Recorded data:
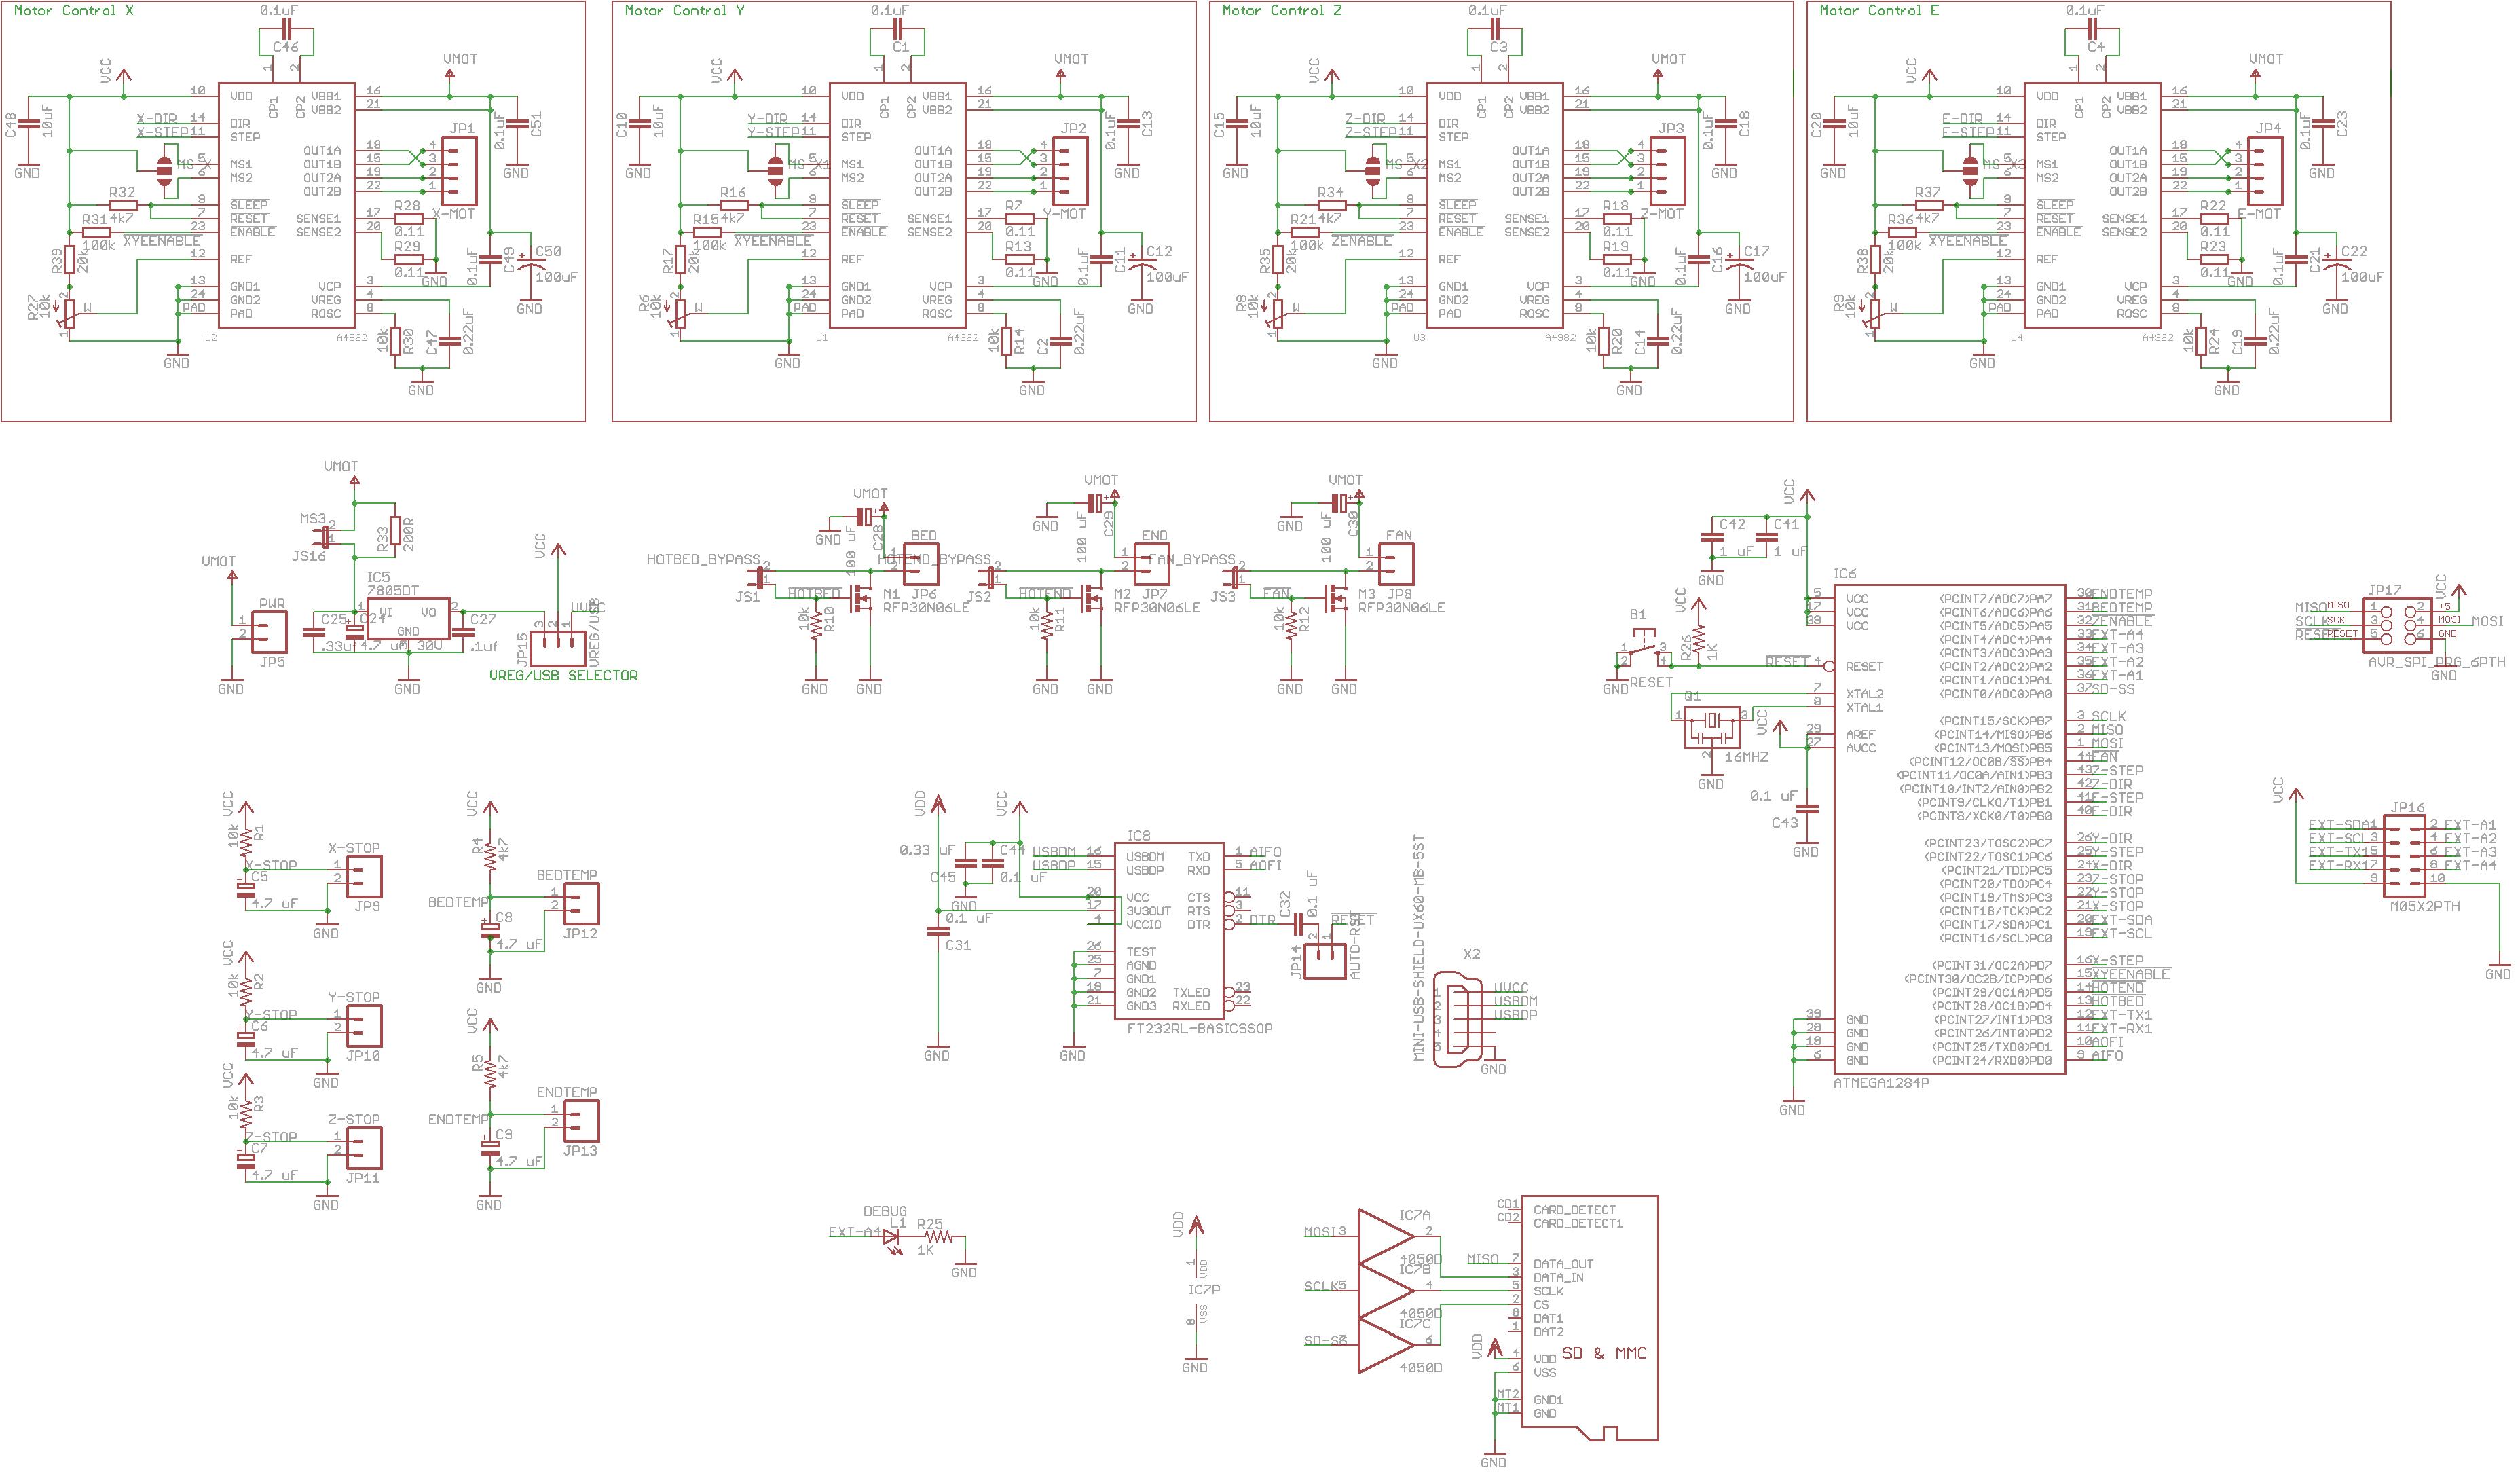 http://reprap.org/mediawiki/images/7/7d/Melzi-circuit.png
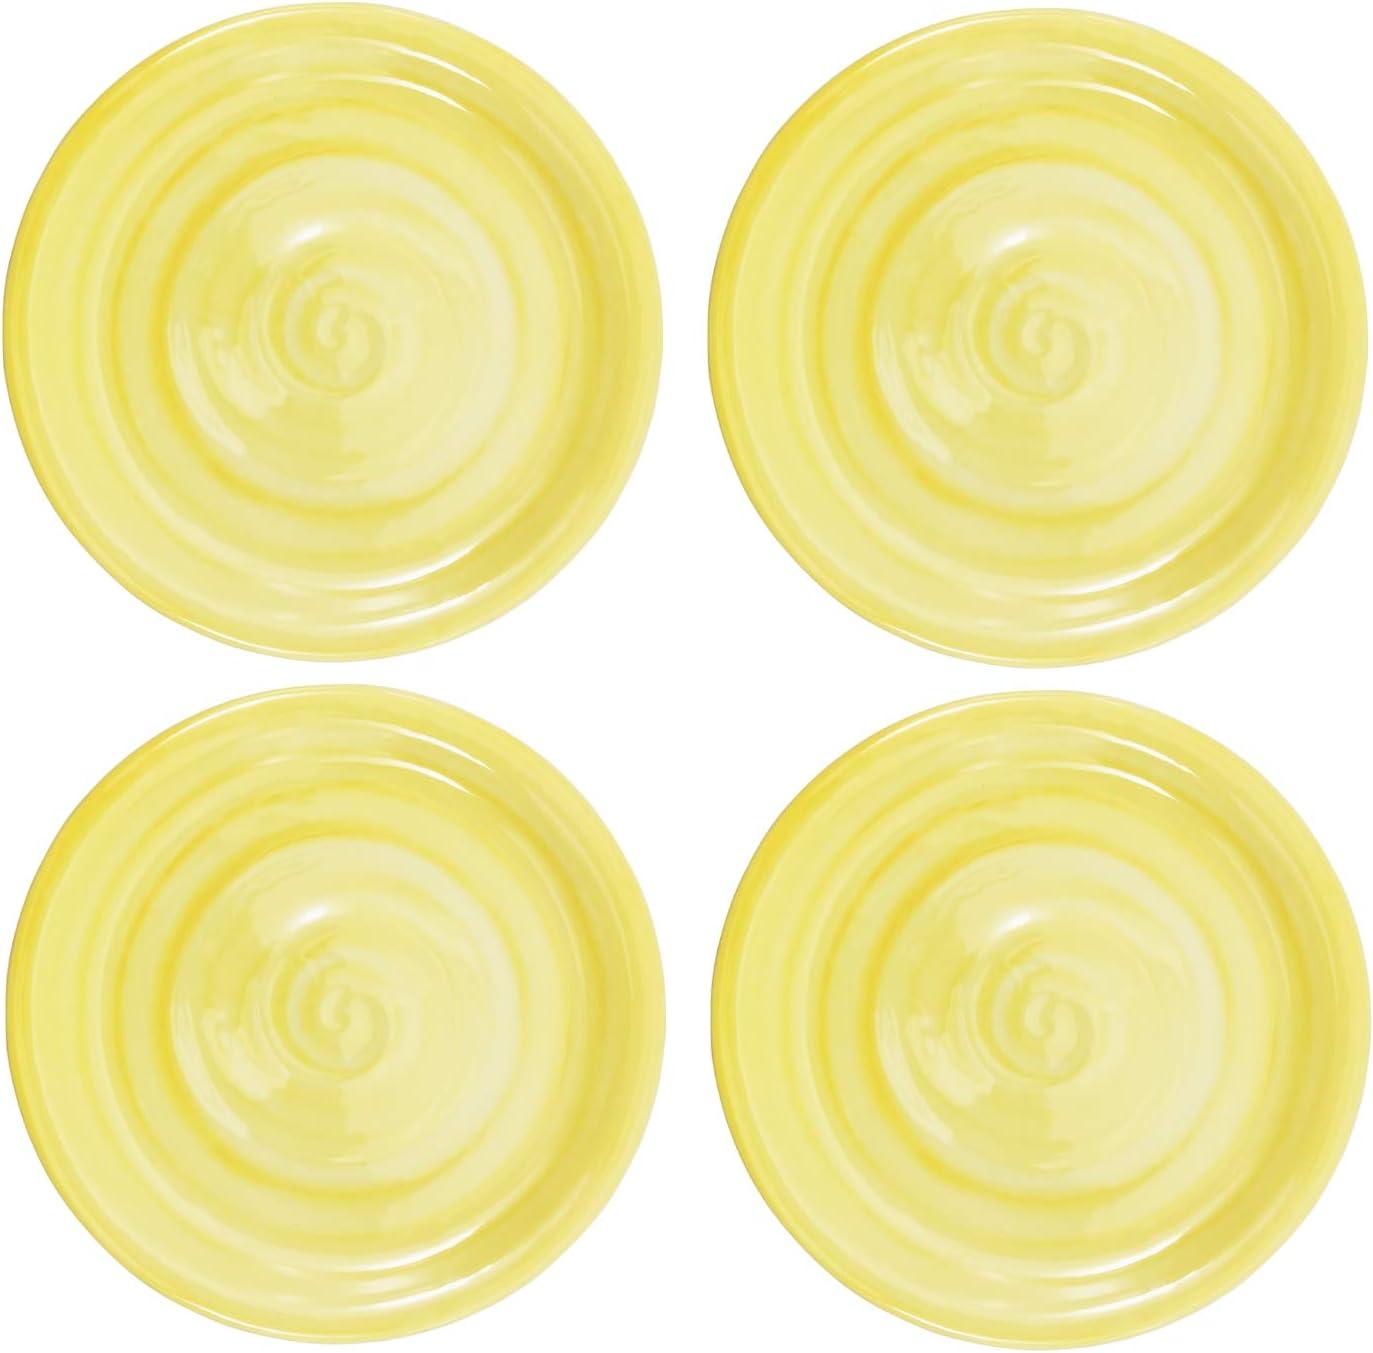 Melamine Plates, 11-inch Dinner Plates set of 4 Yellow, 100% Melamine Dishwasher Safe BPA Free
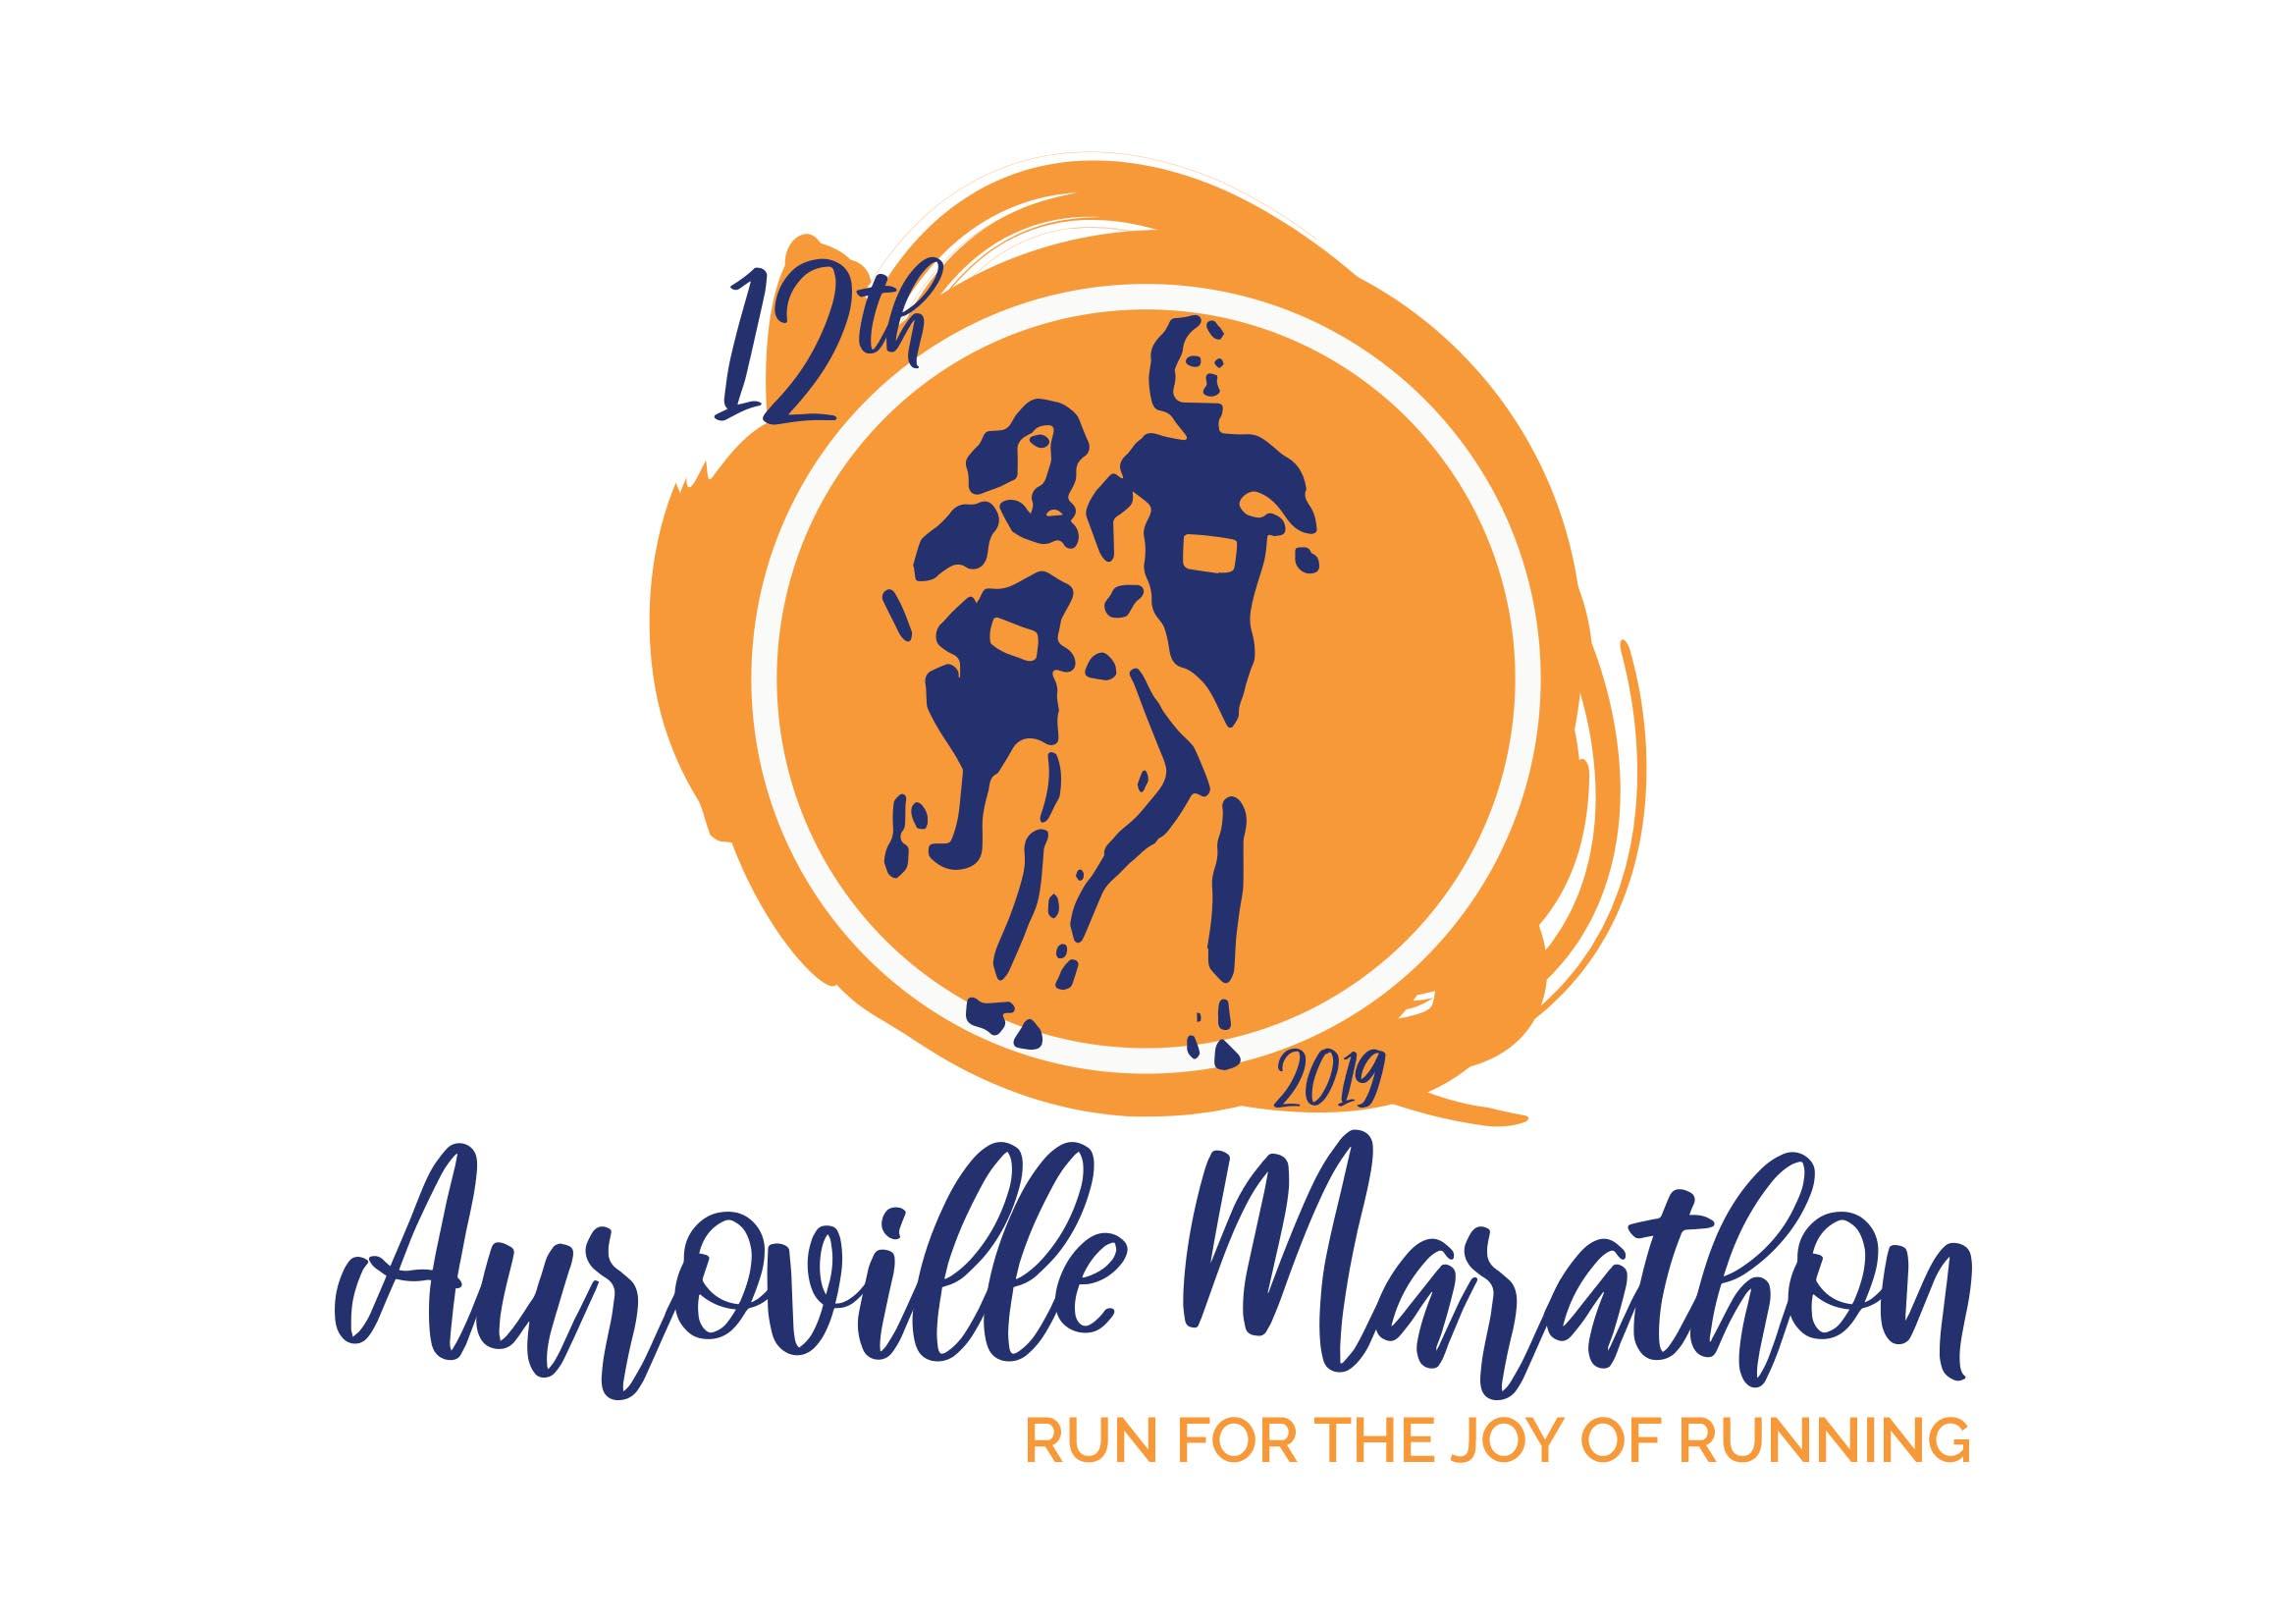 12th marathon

How to complete this task:
From the material above, copy everything exactly but the pictures.

Written answer:
 http://reprap.org/mediawiki/images/7/7d/Melzi-circuit.png
 Melamine Plates, 11-inch Dinner Plates set of 4 Yellow, 100% Melamine Dishwasher Safe BPA Free
 12th marathon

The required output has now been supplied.